DWORD importCRC(char* impName)

{

    int i = 0;

    DWORD res = 0;

    while (impName[i])

    {

        res ^= impName[i];

        res = ROL(res, impName[i]);

        i++;

    }

    return res;

}

In fact, layer L1 uses two functions:

CRC - Function Name

--------------------------------------

9530E67B - NtQuerySystemInformation

E84C9117 - ExAllocatePoolWithQuotaTag

NtQuerySystemInformation is used with SystemModuleInformation to obtain the base of the second module on the ModuleList (this value will be used during imports rebuilding):

seg000:000002B5 lea esi, [ebp+var_400]

seg000:000002BB push 0

seg000:000002C0 push 400h

seg000:000002C5 push esi

seg000:000002C6 push 0Bh ; SystemModuleInformation

seg000:000002CB call eax ; NtQuerySystemInformation

seg000:000002CD mov eax, [esi+128h]

Layer L1 is responsible only for searching the kernel in memory, allocating new memory and copying almost the entire body of the rootkit to the new memory buffer.

Layer L2

This is the last layer, it is responsible for decryption, decompression, imports rebuilding and relocation handling.

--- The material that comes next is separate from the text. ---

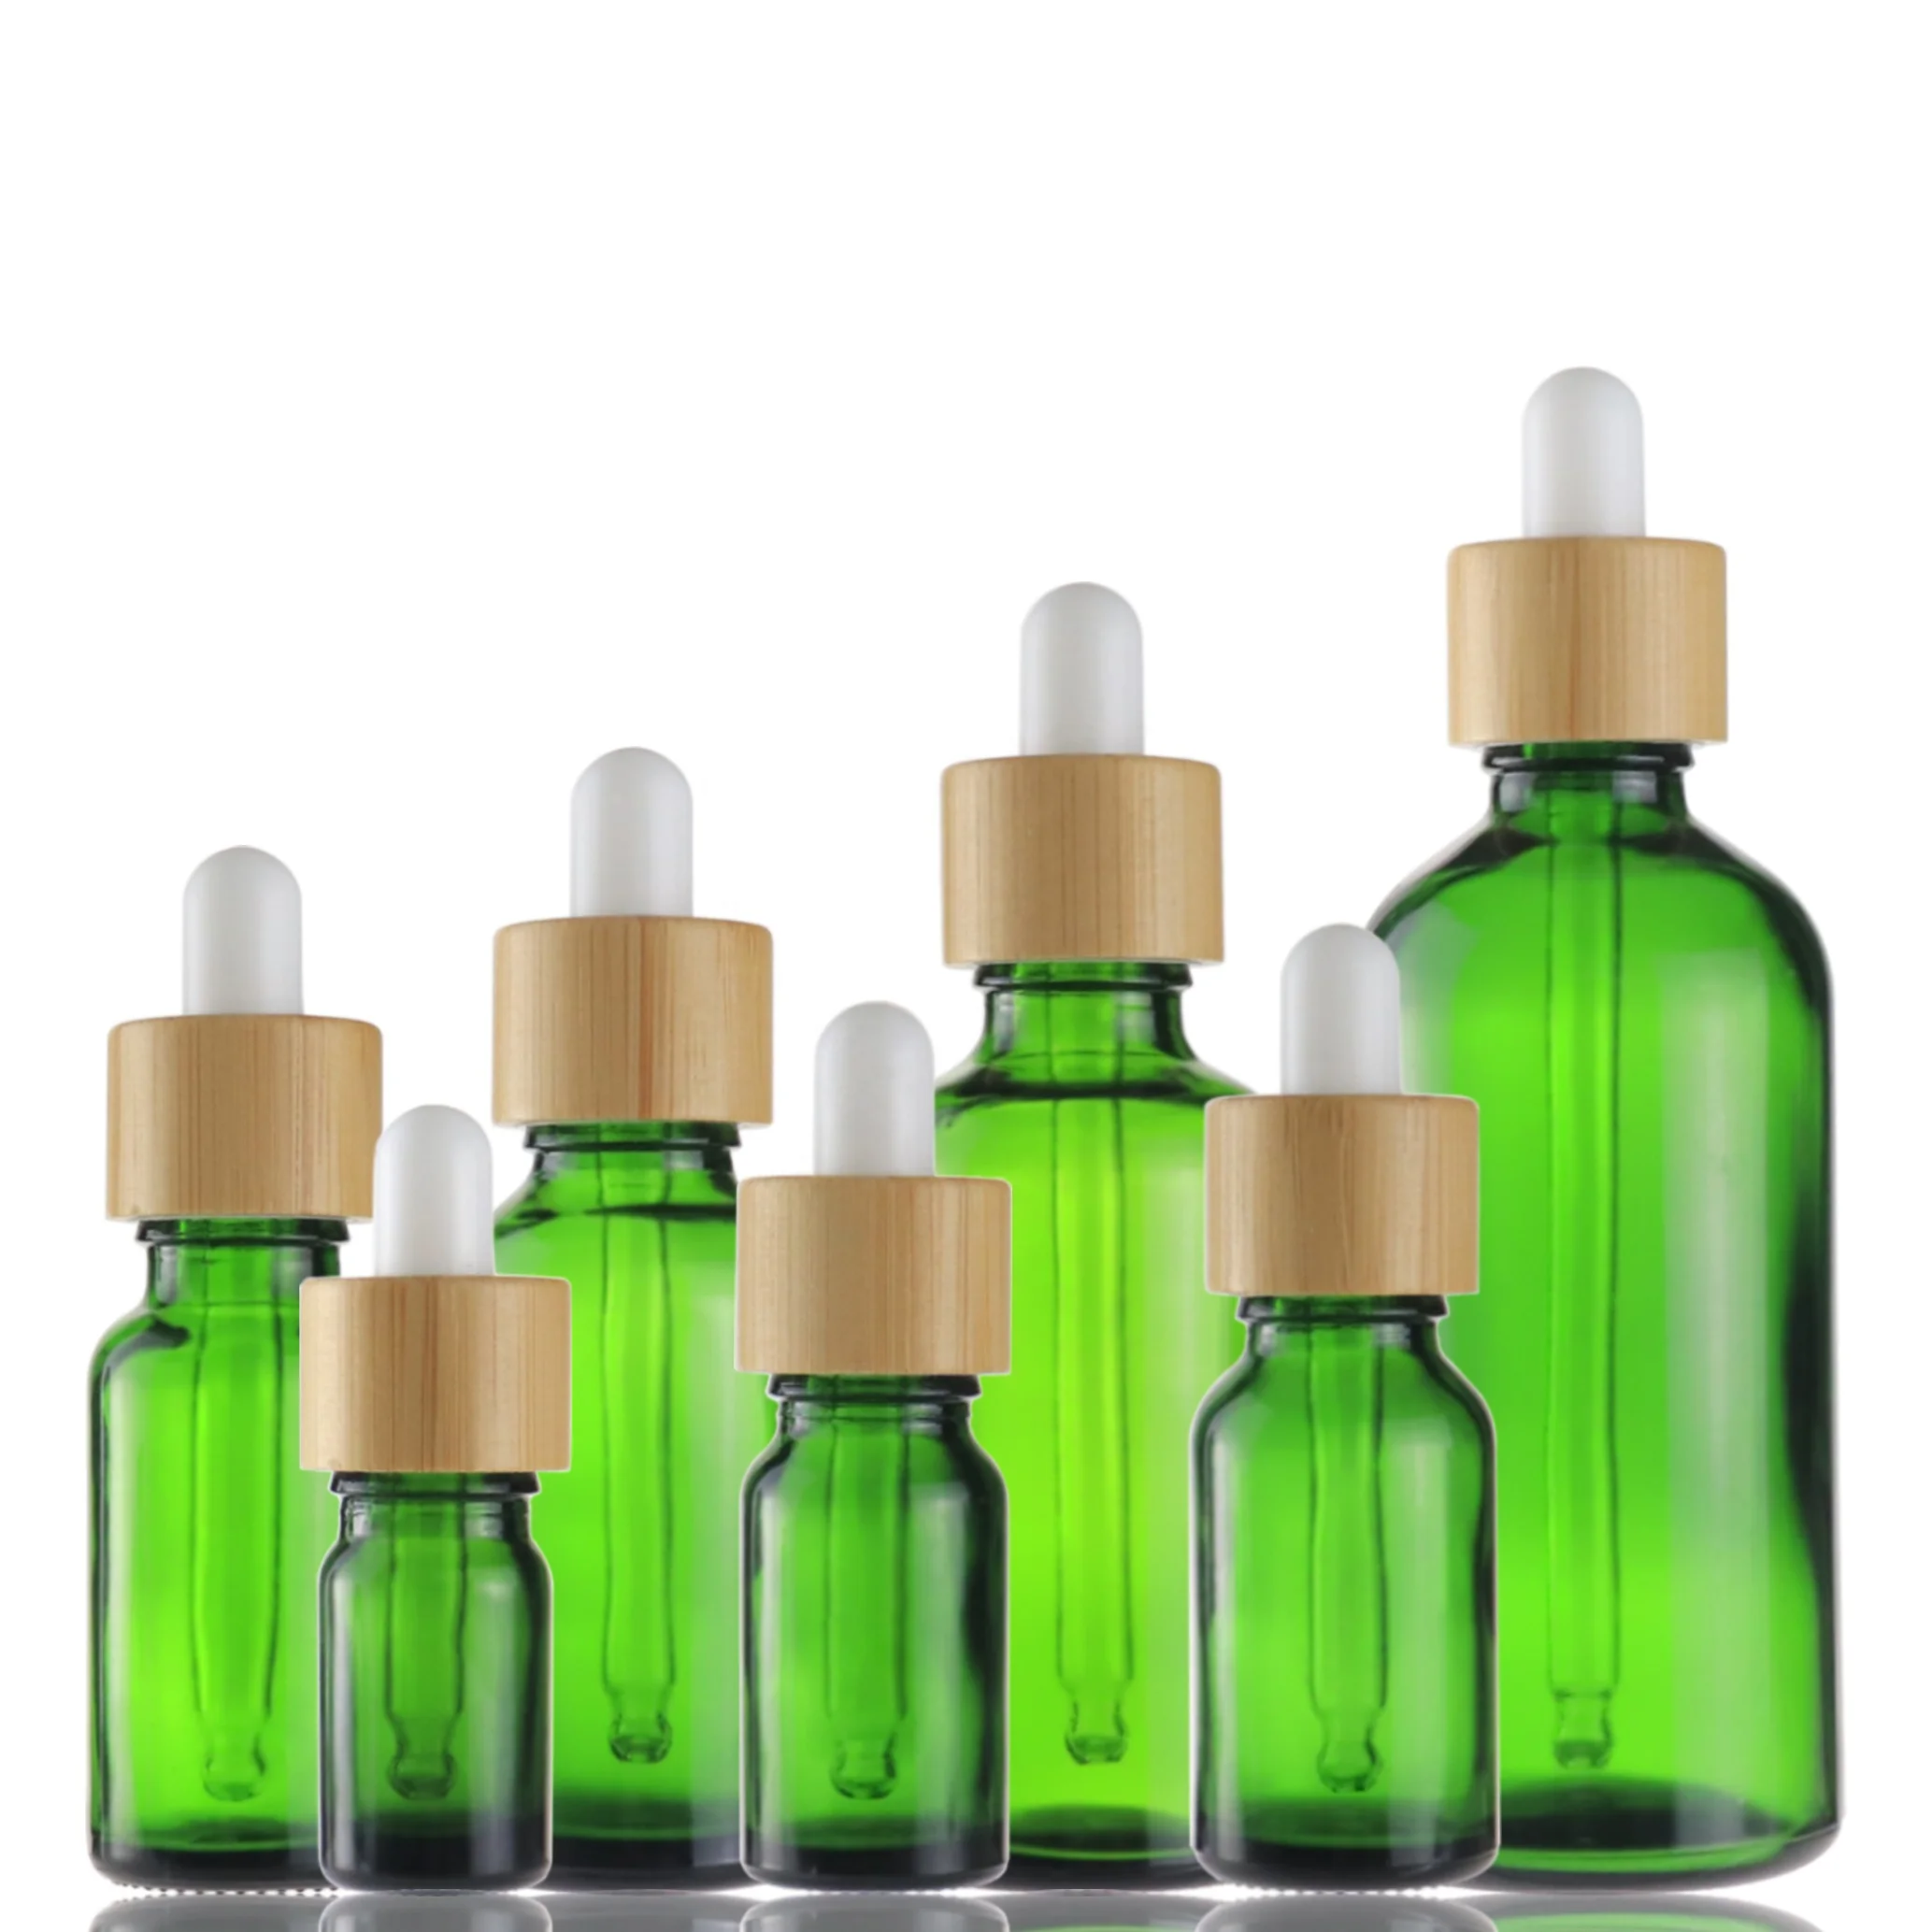 Download 5ml 10ml 15ml 20ml 30ml 50ml 100ml Green Cosmetic Essential Oil Glass Bottle With Dropper Pump Spray Screw Cap Buy Essential Oil Glass Bottle Green Glass Bottles 5ml 10ml 15ml 20ml 30ml 50ml

The whole protection scheme is based on this encrypted structure:

0. 335CB51A -> 6604D5BF -> 00000000 - third part of encryption key

1. 37E5B20D -> 660095BF -> 00044000 - size of module in memory

2. 18CC8110 -> 6604D5BA -> 00000005 - number of sections

3. 8C0C7587 -> 6604D5EF -> 00000050 - relative address of relocations

4. 4FAEFB07 -> 7ECA0C70 -> 18CED9CF - relocations encryption key

5. 988E29AD -> 6604F403 -> 000021BC - number of relocations

6. 3701ACDF -> 660452FF -> 00008740 - relative address of imports

7. 35EE9C52 -> 72E26C3B -> 14E6B984 - imports encryption key

8. 88003930 -> 6604D5C8 -> 00000077 - number of imported functions

9. 6A47721F -> 6605D434 -> 0001018B - original driver entry point

10. F89490DA -> 6604C5BF -> 00001000 - relative address of first section (in new buffer)

11. FAED6BA6 -> 66045ED0 -> 00008B6F - address of encrypted and packed first section data

12. A8ECFD9A -> 6604F5BF -> 00002000

13. A64AE790 -> 66045EC7 -> 00008B78 / 2nd section

14. 6E24D95A -> 6604E5BF -> 00003000

15. 57C6BEA1 -> 66045E5D -> 00008BE2 / 3rd section

16. 6C3C441A -> 660495BF -> 00004000

17. 69CA0D61 -> 66045884 -> 00008D3B / 4th section

18. A11CB31A -> 660455BF -> 00008000

19. 98E85CEE -> 66046BBD -> 0000BE02 / 5th section

Firstly, we can see a memory allocation of 0x44000 bytes (step 1). The next important step will be to calculate the decryption key. Our key is constructed from three dwords: the first two dwords are collected from the PCI bus, and the third dword, 0x6604D5BF we already have step 0). Data gathered from PCI bus can be identified as the DeviceID and VendorID for two devices.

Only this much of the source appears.